(Collected data begins)

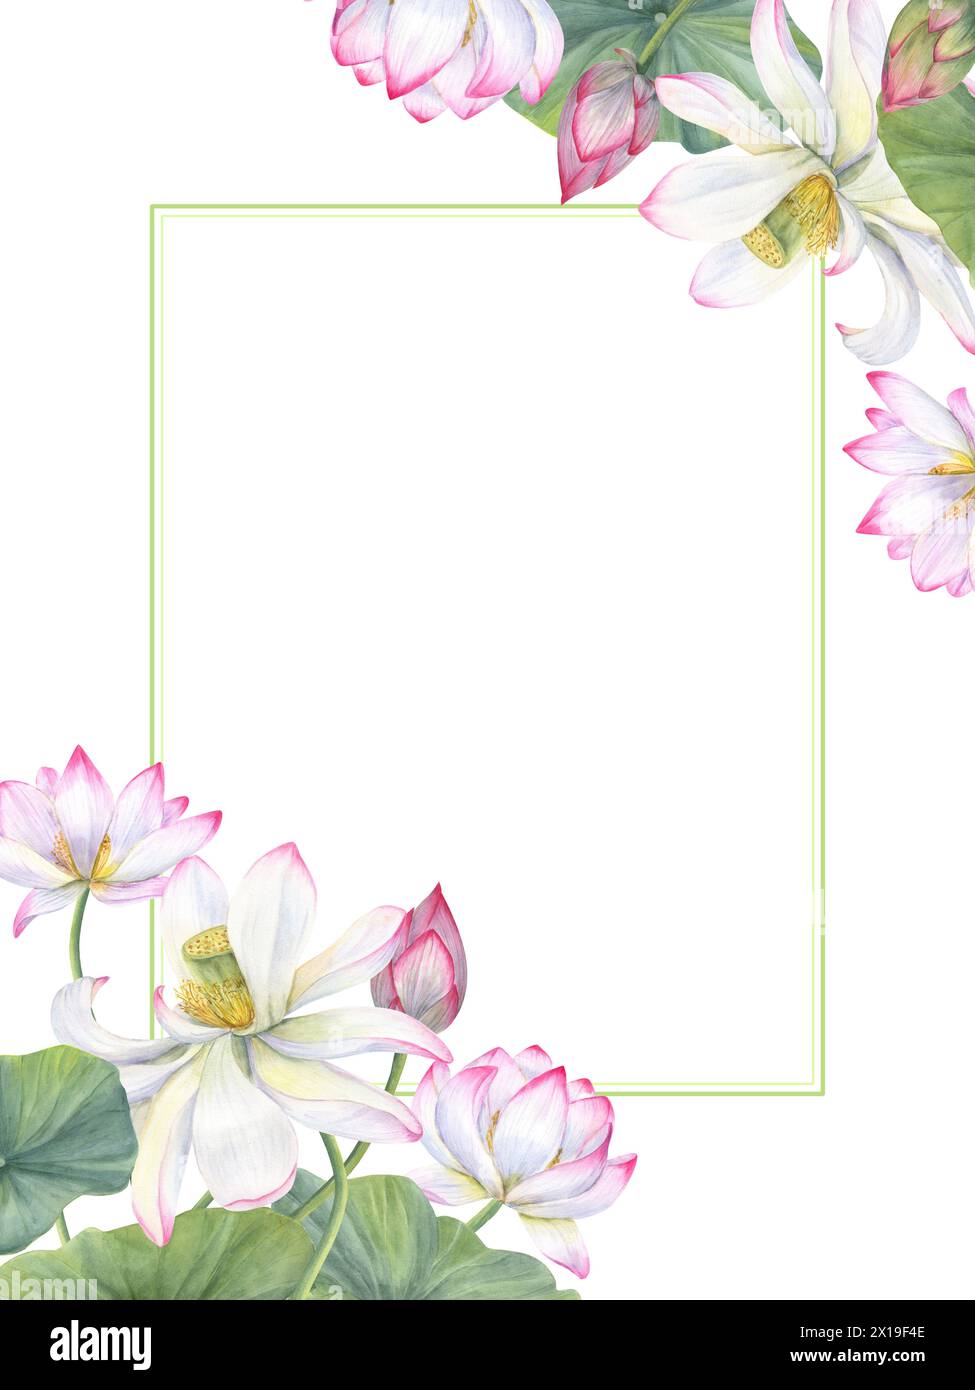 Orientalische Lotusblüten. Strauß rosafarbener weißer Wasserlilien, grüne Blätter. Horizontaler Rahmen aus Seerose. Blumenkomposition mit Kopierraum für Text. Stockfoto
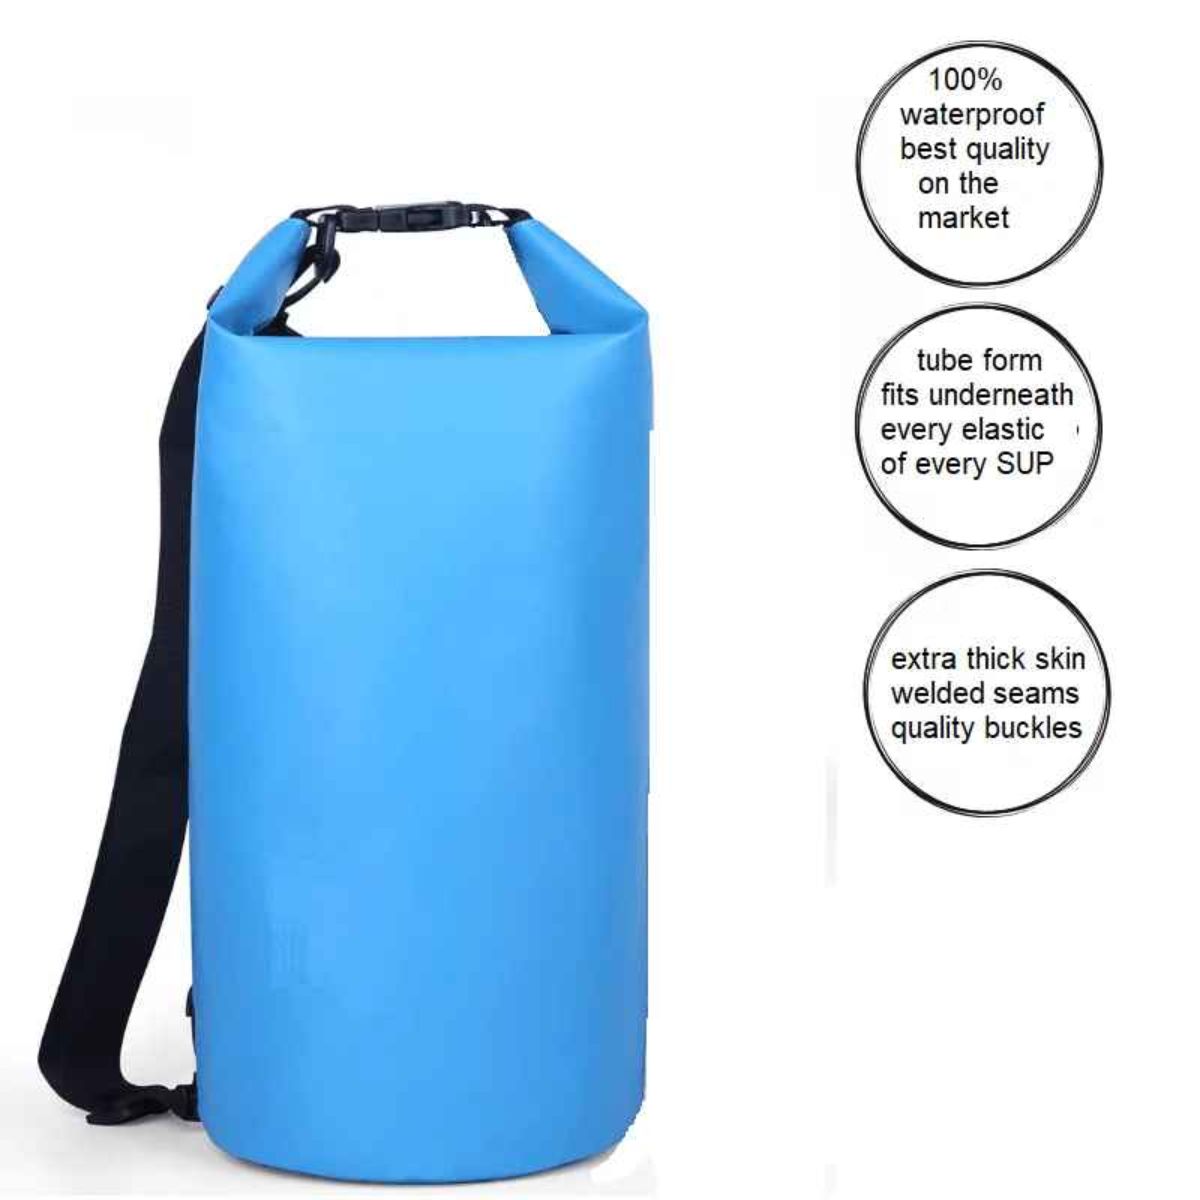  FIT OCEAN Premium Quality 5 liter Waterproof Bag
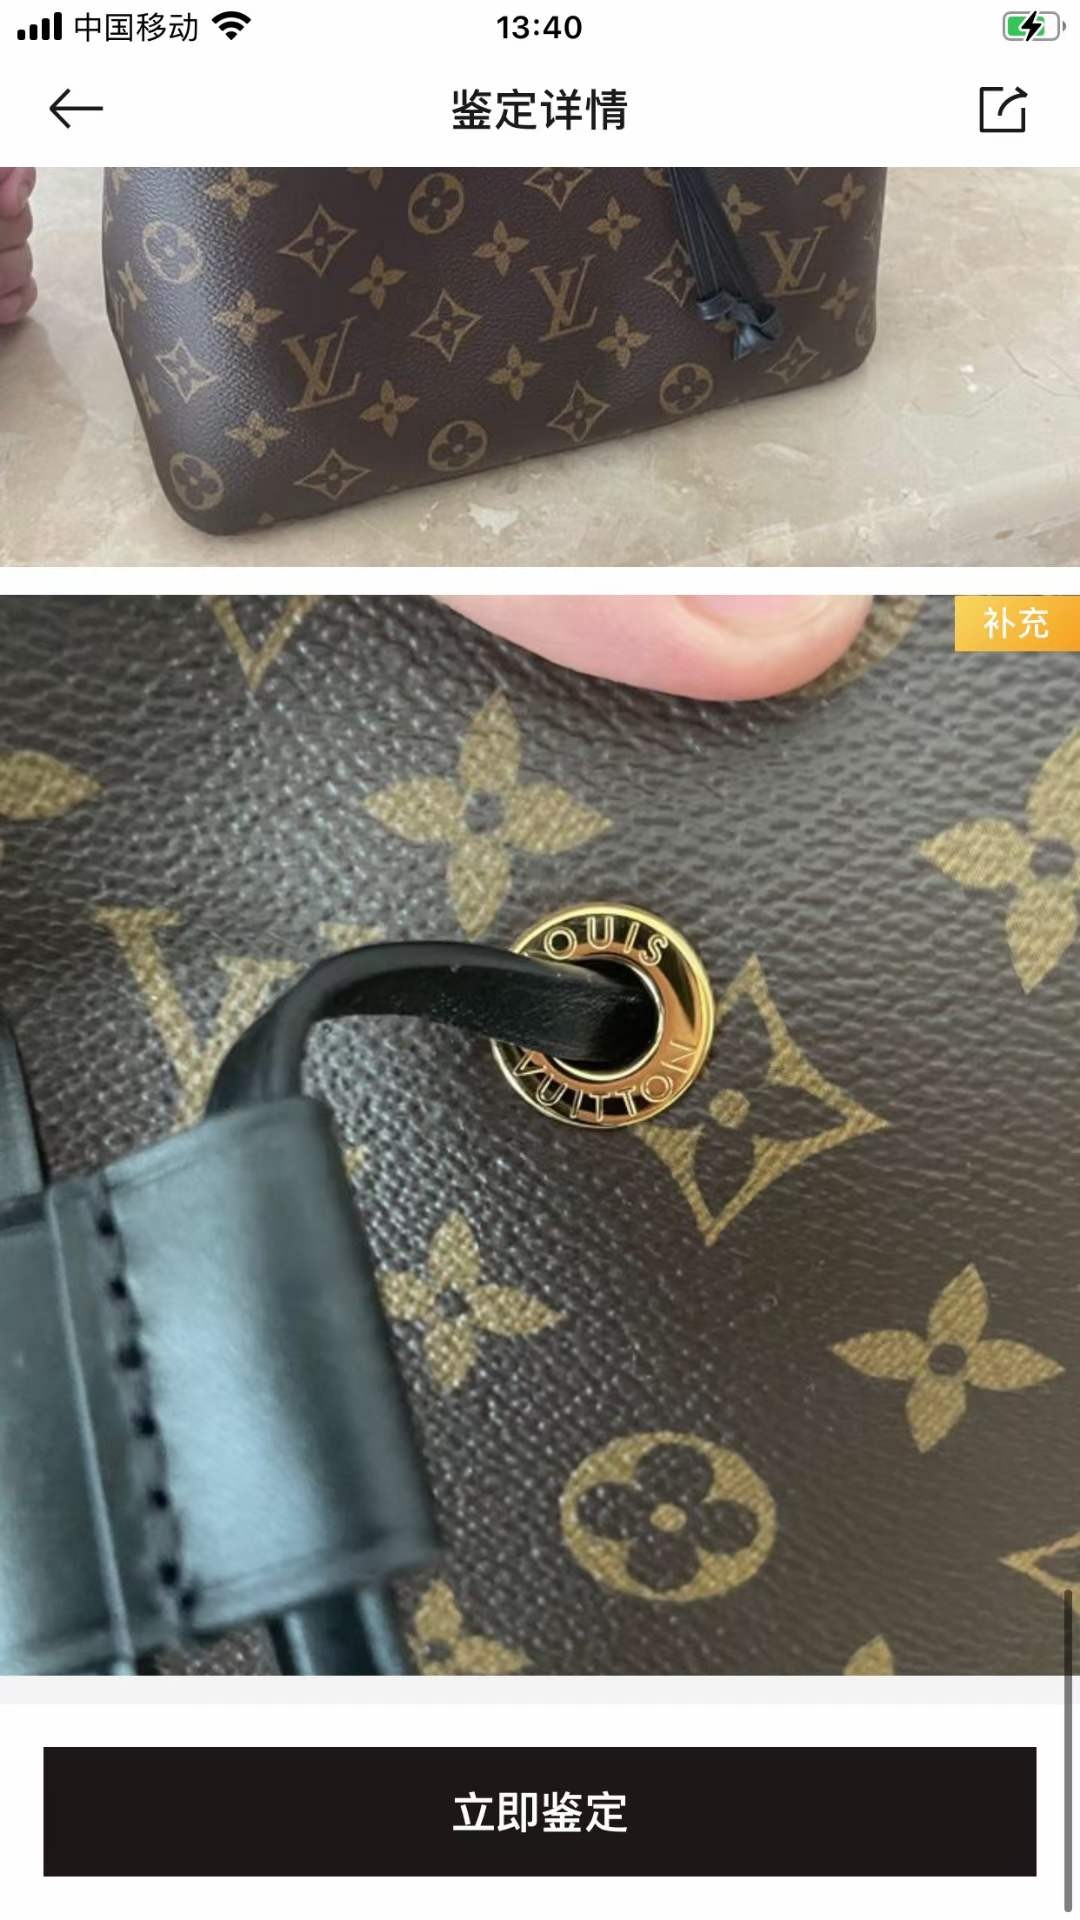 Louis Vuitton M44020 NÉONOÉ Top Replica Handbag Inspection Details (2022 Edition)-Best Quality Fake Louis Vuitton Bag Online Store, Replica designer bag ru

(Collected data ends)

*Work instructions*: Word for word, reproduce all of the data, but keep out the pictures.

*Exercise solution*:
 Orientalische Lotusblüten. Strauß rosafarbener weißer Wasserlilien, grüne Blätter. Horizontaler Rahmen aus Seerose. Blumenkomposition mit Kopierraum für Text. Stockfoto
  FIT OCEAN Premium Quality 5 liter Waterproof Bag
 Louis Vuitton M44020 NÉONOÉ Top Replica Handbag Inspection Details (2022 Edition)-Best Quality Fake Louis Vuitton Bag Online Store, Replica designer bag ru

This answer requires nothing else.